Pero deliberadamente habíamos dejado los nombres de Fermín López y de José Hurtado un poco escondidos en estas peripecias de colonos. Porque no es otra cosa. Se equivocan quienes busquen otro significado a estos acaeceres. Es lucha de colonos que no tienen otro destino, para mejorar el suyo, que cubrir zonas despobladas. Y entre éstos, orgullosos de su obra y de su lucha, están en primera línea Fermín López y José Hurtado. Vienen desde Antioquia. Hace varios lustros que buscan un pedazo de tierra libre. Primero por Sabanalarga, que luego vino a ser Salamina. Cuando los pleitos, creados por latifundistas, abandonaron sus “abras” para buscar nuevos sitios que no tuvieran las trabas del feudalismo y sus prolongaciones en el gamonal. Solo querían vivir. Pero en lugar donde su planta pudiera descansar tranquila, porque el hecho de aposentarla quería decir que tenían el dominio de todas sus ventajas. Hacia la montaña avanzaron Fermín López y José Hurtado. Los acompañaban hijos, primos y mujeres. Es una excursión familiar para liberarse. Y llegaron hasta lo que actualmente conocemos como San Cancio. Pero a los tres años de su arribo, en 1837, advierten cuando viajan a Salamina, que hasta allí alcanza la ambición absorbente de una Compañía que ha heredado títulos desde la Colonia y que se viene detrás de los descuajadores, no mejorando sus inmuebles, sino planteando pleitos a quienes querían hacerlos producir. Ese criterio no se acomodaba con quienes tenían una ambición distinta. Nuestro colono no aspiraba a acaparar la tierra, al contrario, deseaba su partición. Pero el dueño levantaba el titulo amenazador y conminatorio.
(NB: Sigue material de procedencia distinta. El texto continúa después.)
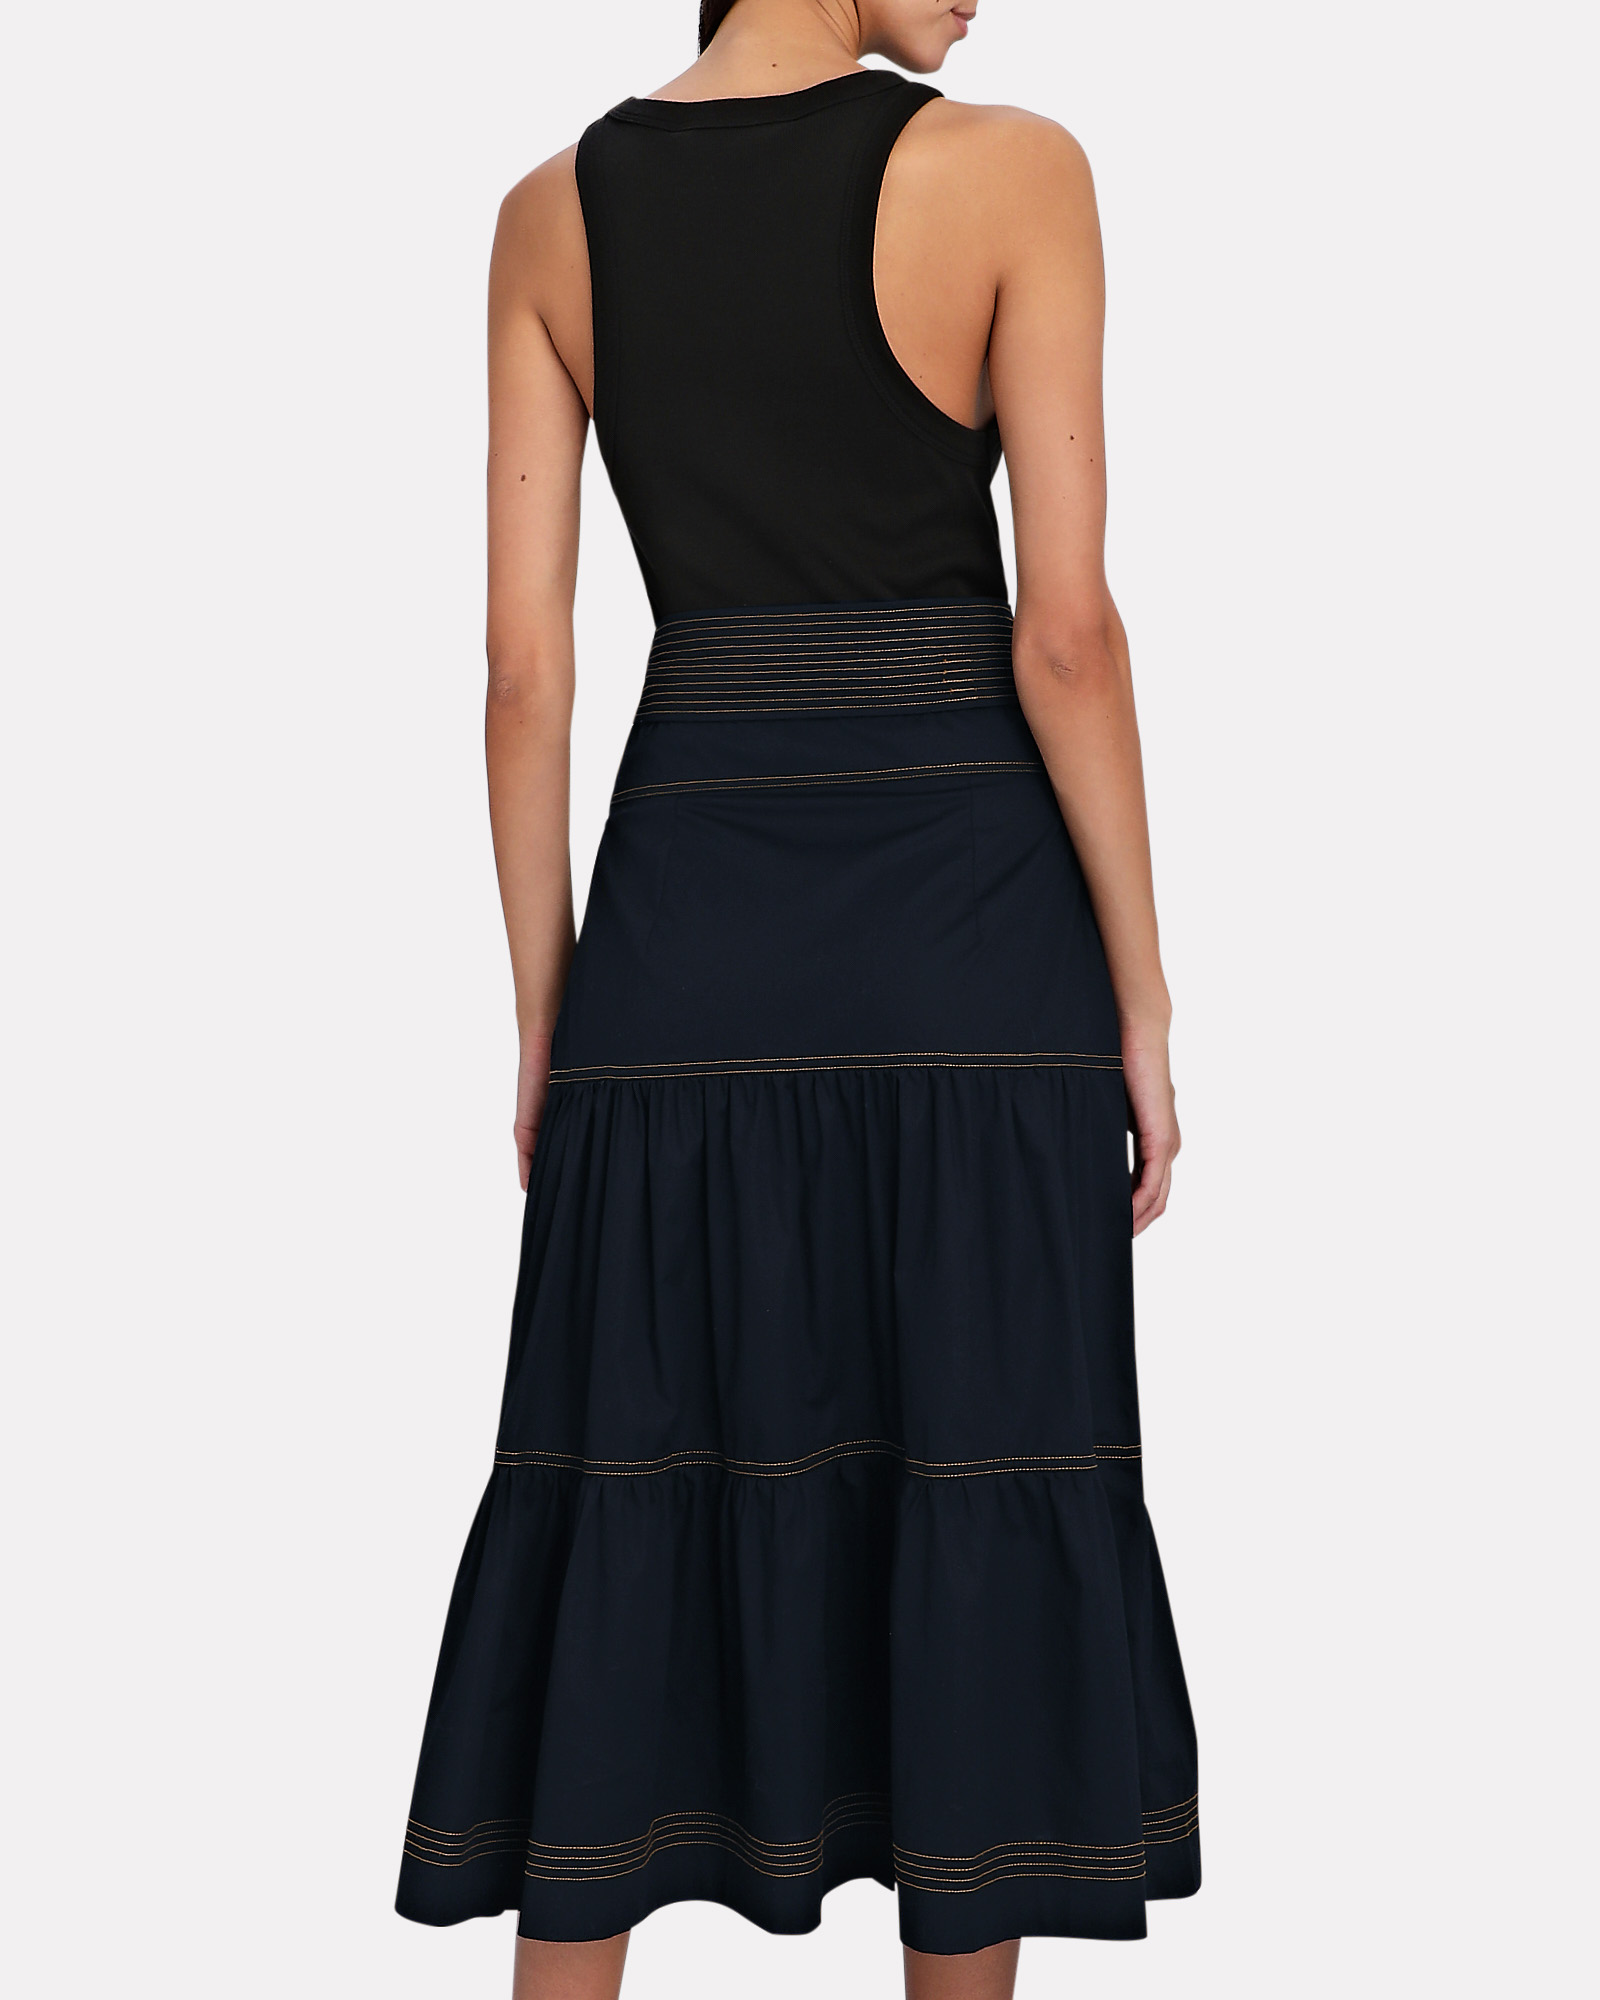 Veronica Beard Austyn Tie-Waist Midi Dress in Black | INTERMIX®

  Fermín López entonces huye. Allí queda su “abierto”. Será estímulo para don Joaquín Antonio Arango. Dará la indicación para quienes deseen mañana buscar regiones fértiles, con profusión magnánima en el rendimiento. Fermín López está hastiado de tinterillos, gamonales, sentencias, enredijos, mamotretos. Por eso avanza hacia el Cauca. Va señalando los caminos para quienes vendrán después. Entonces tenemos que concluír, en concordancia con otros cronistas de Manizales, que estos dos varones son los precursores. Que las aberturas que hicieron son la propia pre-historia. Bella y sencilla pre-historia, creada a través de la lucha y de un interés por libertar su mundo de los vínculos feudalistas. Buen signo y buen augurio. Buen recaudo para interpretar sus luchas. Así eran ellos, severos y sencillos aldeanos.
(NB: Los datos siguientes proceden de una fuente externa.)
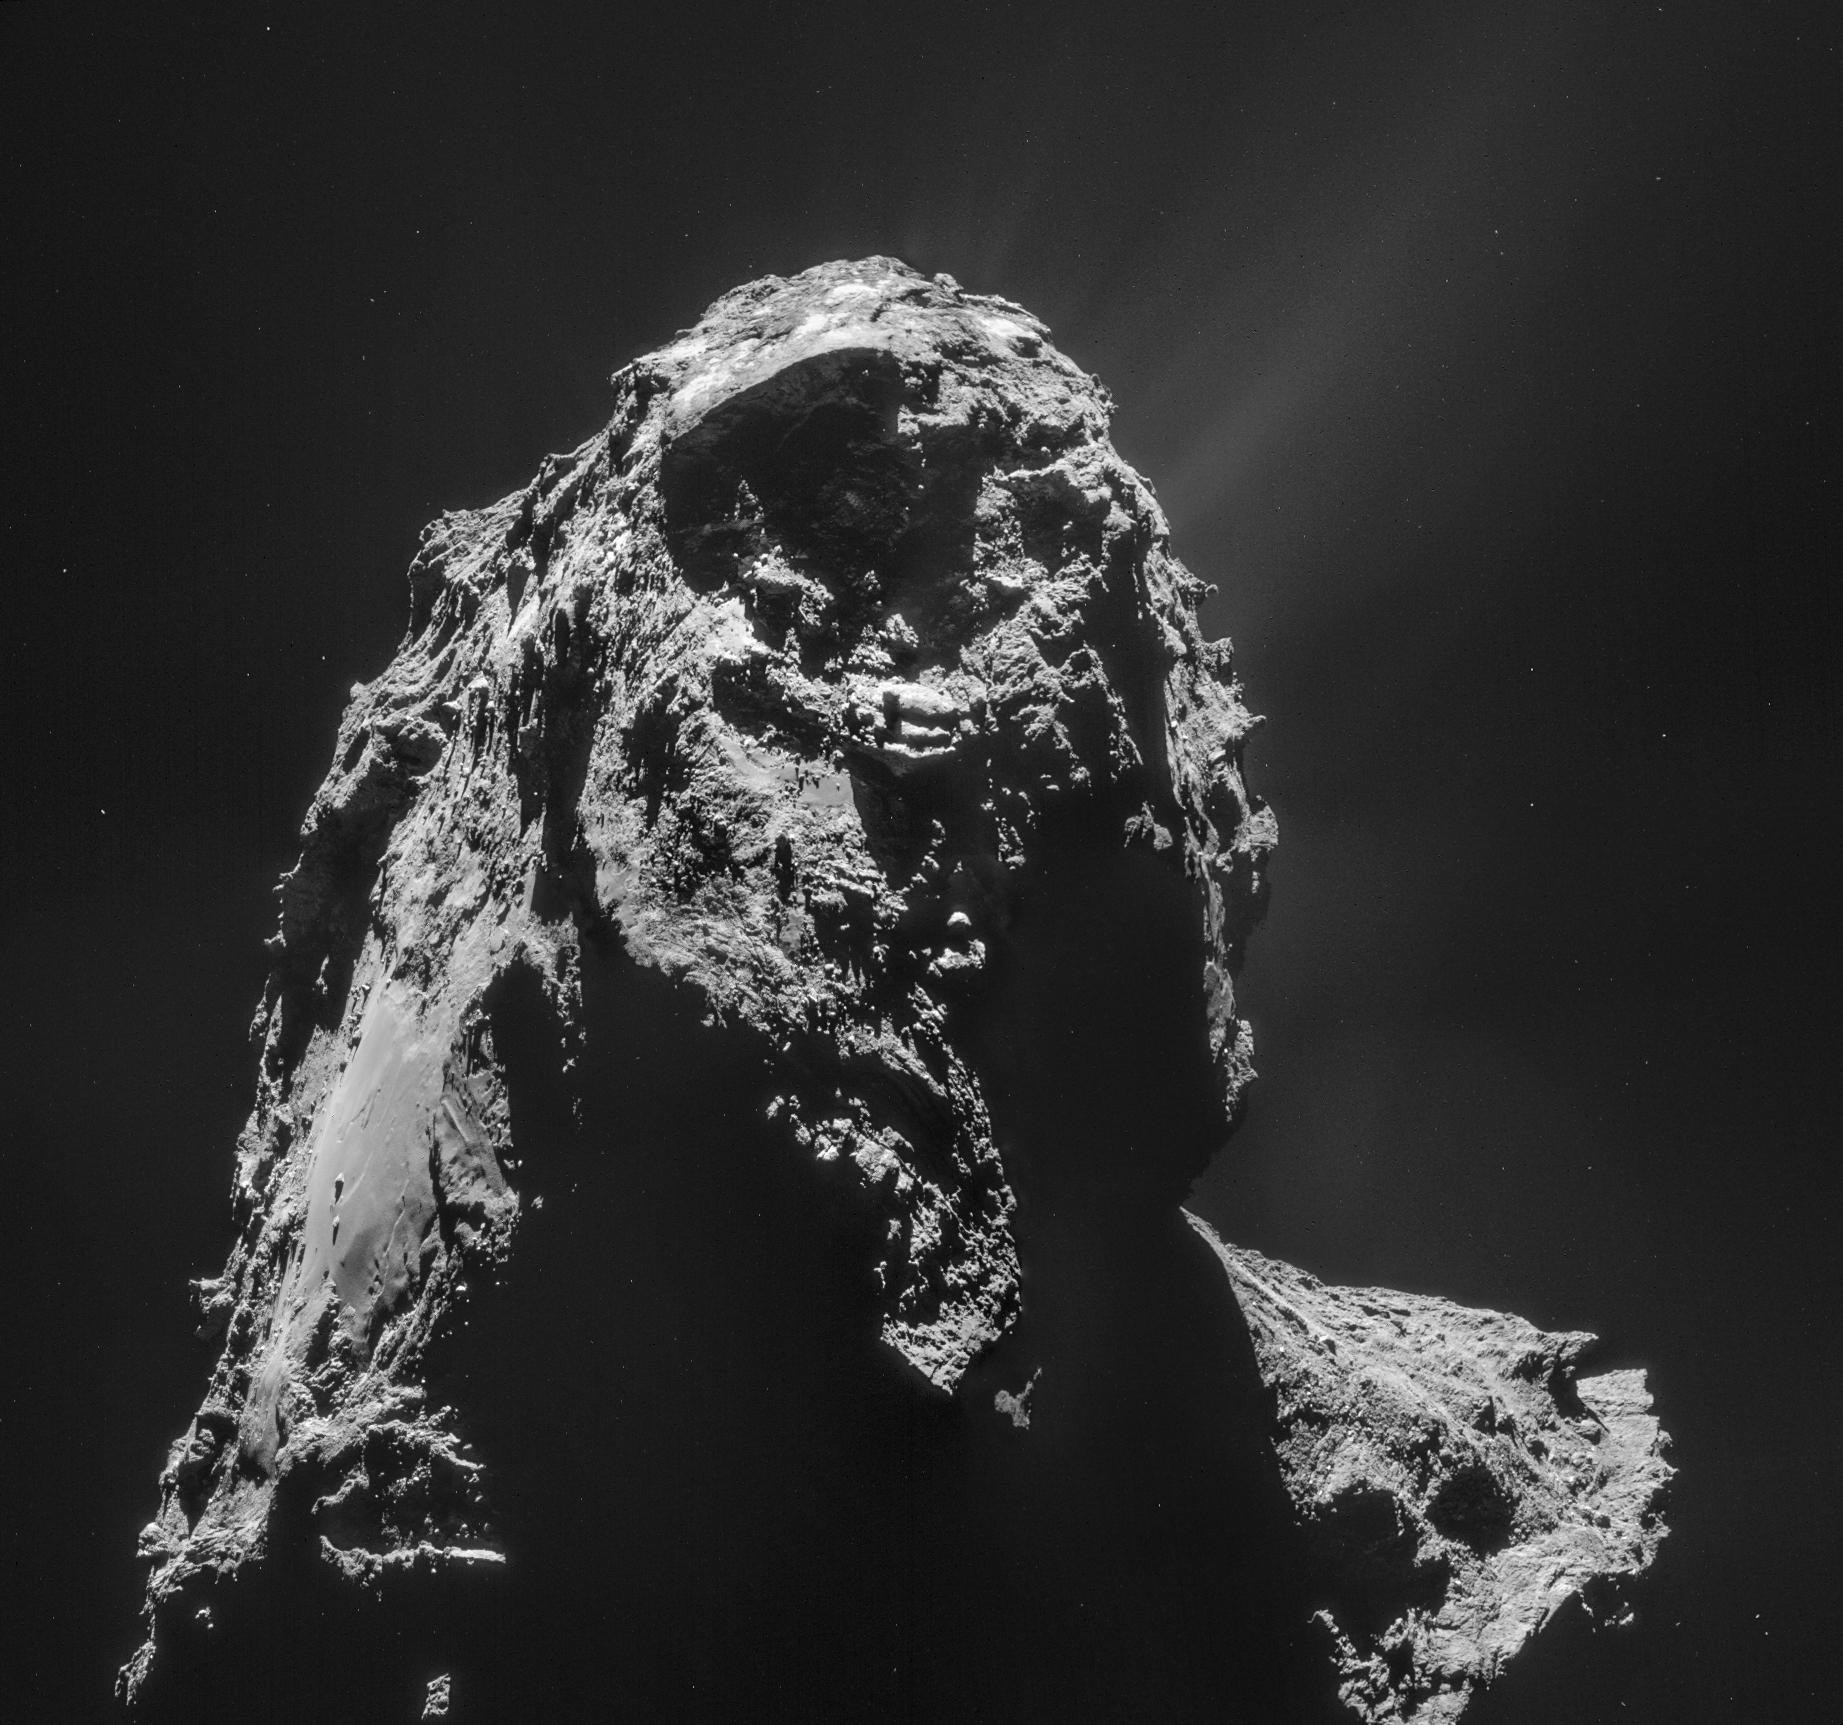 Der Komet am 16. Januar 2015

  Pero antes de seguir adelante, es bueno recordar un poco más a Fermín López. Rionegro le vio nacer en 1764. Vino con los primeros que se acercaron a Salamina. Avanzó a Manizales. Pasó después y estuvo por los sitios donde hoy está Pereira. Fundó posteriormente a Santa Rosa. Cambié todo el valor de unos campos incultos por el sistema del trabajo. Hizo inconscientemente una revolución en nuestra economía. Puso a nuestro congreso a pensar en remediar problemas de tierras, que andaban muy descuidados en medio de las disputas bélicas que agitaron nuestro siglo pasado. En Fermín López descubrimos una actitud patriarcal frente a la tierra. Basta evocar su estampa, como se conserva en monumentos y retratos: Fisonomía de campesino serio. La mirada serena y limpia, con bondad que se descuelga de su gesto austero. Apenas podía ser así quien guiaba a unos titanes que solo llevaban la esperanza de desterrar el hambre y la pobreza. Sus barbas luengas, que han sido tradicionales en los abuelos antioqueños, caen ligeramente ensortijadas sobre la camisa limpia. Toda su imagen respira la serenidad del gran labriego, libre de prejuicios y de tormentas interiores. Que solo ha tenido como destino su labranza, su familia y su Dios. Es ese gran decoro que dimana de la pasión creadora. Y de esa confianza en su faena. Porque en Fermín López se cumple la sentencia: “Le basta con saber que todos fueron hijos, como él, de la tierra y el viento, de esta tierra y este viento de América”.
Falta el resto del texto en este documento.